From: Pavel Begunkov <asml.silence@gmail.com>
To: io-uring@vger.kernel.org, netdev@vger.kernel.org,
linux-kernel@vger.kernel.org
Cc: Jakub Kicinski <kuba@kernel.org>,
Jonathan Lemon <jonathan.lemon@gmail.com>,
"David S . Miller" <davem@davemloft.net>,
Willem de Bruijn <willemb@google.com>,
Eric Dumazet <edumazet@google.com>,
David Ahern <dsahern@kernel.org>, Jens Axboe <axboe@kernel.dk>,
Pavel Begunkov <asml.silence@gmail.com>
Subject: [RFC v2 00/19] io_uring zerocopy tx
Date: Tue, 21 Dec 2021 15:35:22 +0000 [thread overview]
Message-ID: <cover.1640029579.git.asml.silence@gmail.com> (raw)
Update on io_uring zerocopy tx, still RFC. For v1 and design notes see
https://lore.kernel.org/io-uring/cover.1638282789.git.asml.silence@gmail.com/
Absolute numbers (against dummy) got higher since v1, + ~10-12% requests/s for
the peak performance case. 5/19 brought a couple of percents, but most of it
came with 8/19 and 9/19 (+8-11% in numbers, 5-7% in profiles). It will also
be needed in the future for p2p. Any reason not to do alike for paged non-zc?

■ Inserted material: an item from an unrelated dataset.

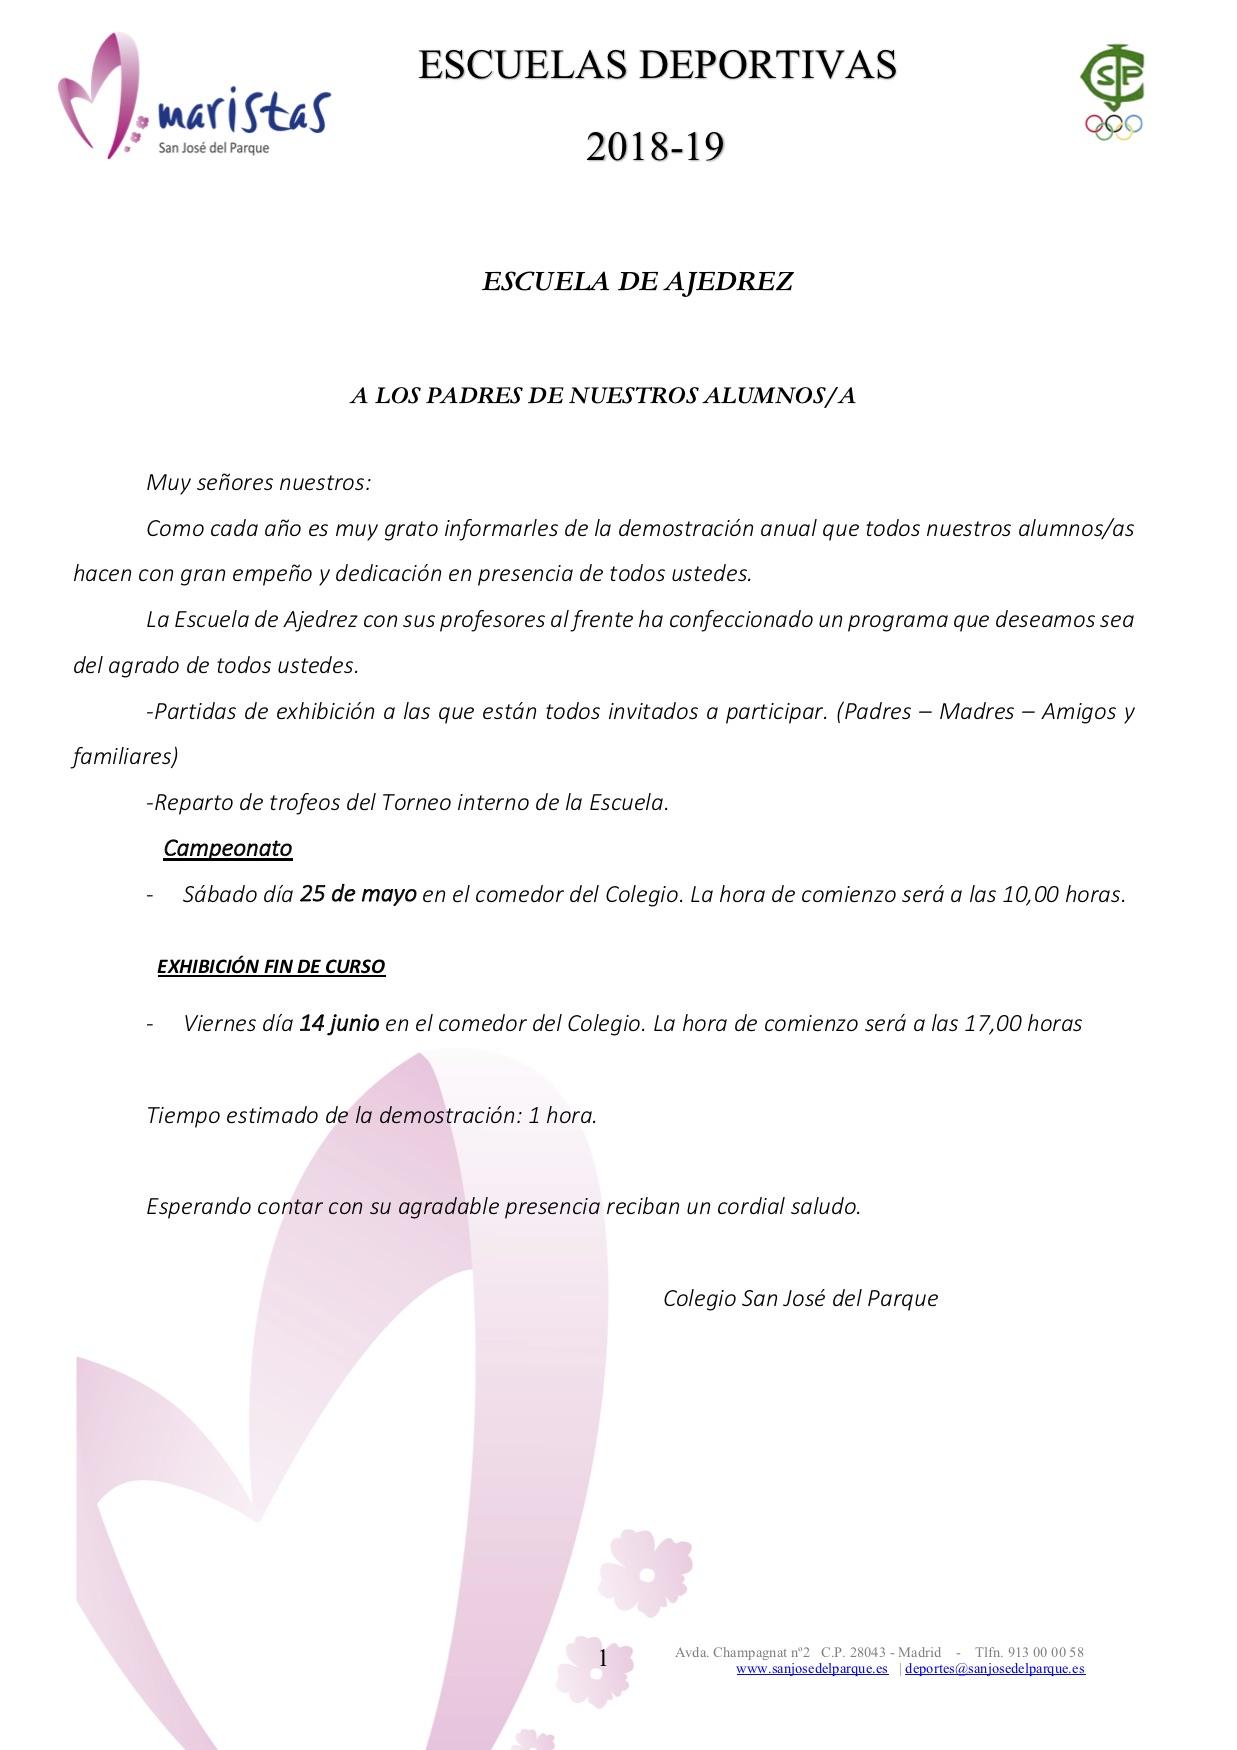 Campeonato  AJEDREZ @ Colegio Marista San José del Parque

Small (under 100-150B) packets?
Most of checks are removed from non-zc paths. Implemented a bit trickier in
__ip_append_data(), but considering already existing assumptions around "from"

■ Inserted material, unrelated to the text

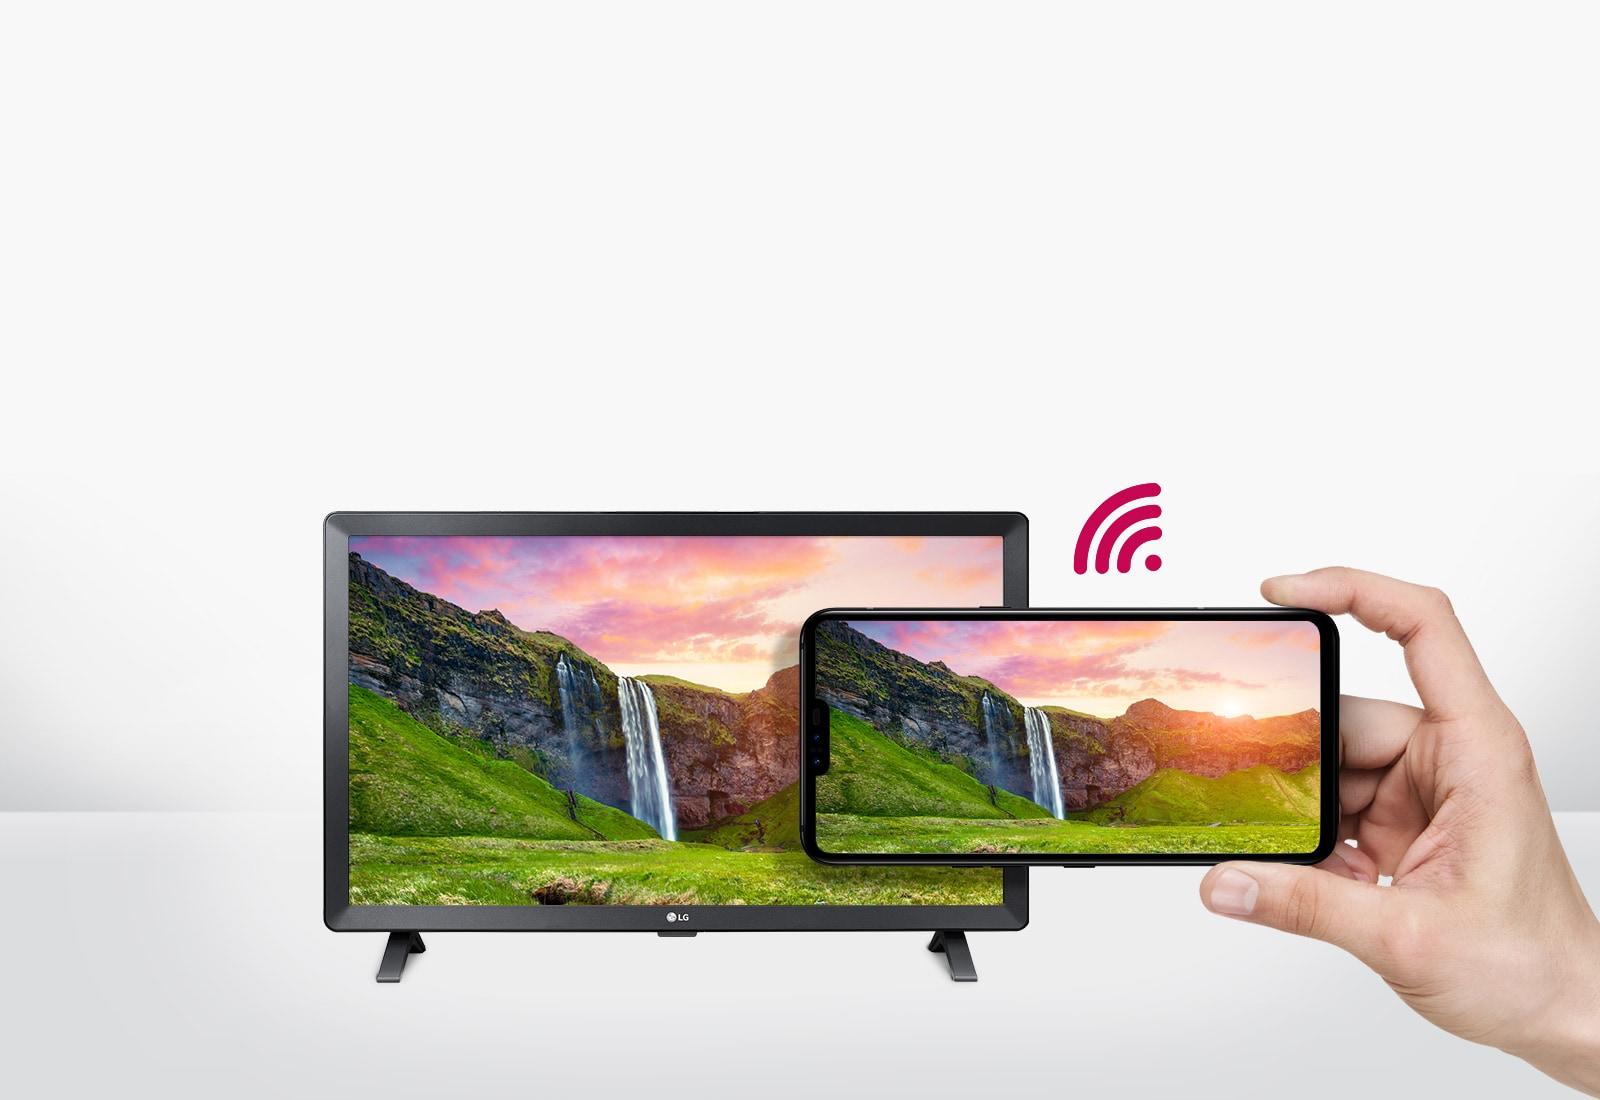 Встроенный Wi-Fi и беспроводное решение, такое как содержимое смартфона на большом экране

argument it should be fine.
Benchmarks for dummy netdev, UDP/IPv4, payload size=4096:
-n<N> is how many requests we submit per syscall. From io_uring perspective -n1
is wasteful and far from optimal, but included for comparison.
-z0 disables zerocopy, just normal io_uring send requests
-f makes to flush "buffer free" notifications for every request
| K reqs/s | speedup
msg_zerocopy (non-zc) | 1120 | 1.12
msg_zerocopy (zc) | 997 | 1
io_uring -n1 -z0 | 1469 | 1.47
io_uring -n8 -z0 | 1780 | 1.78
io_uring -n1 -f | 1688 | 1.69
io_uring -n1 | 1774 | 1.77
io_uring -n8 -f | 2075 | 2.08
io_uring -n8 | 2265 | 2.27
note: it might be not too interesting to compare zc vs non-zc, the performance
relative difference can be shifted in favour of zerocopy by cutting constant
per-request overhead, and there are easy ways of doing that, e.g. by compiling
out unused features. Even more true for the table below as there was additional
noise taking a good quarter of CPU cycles.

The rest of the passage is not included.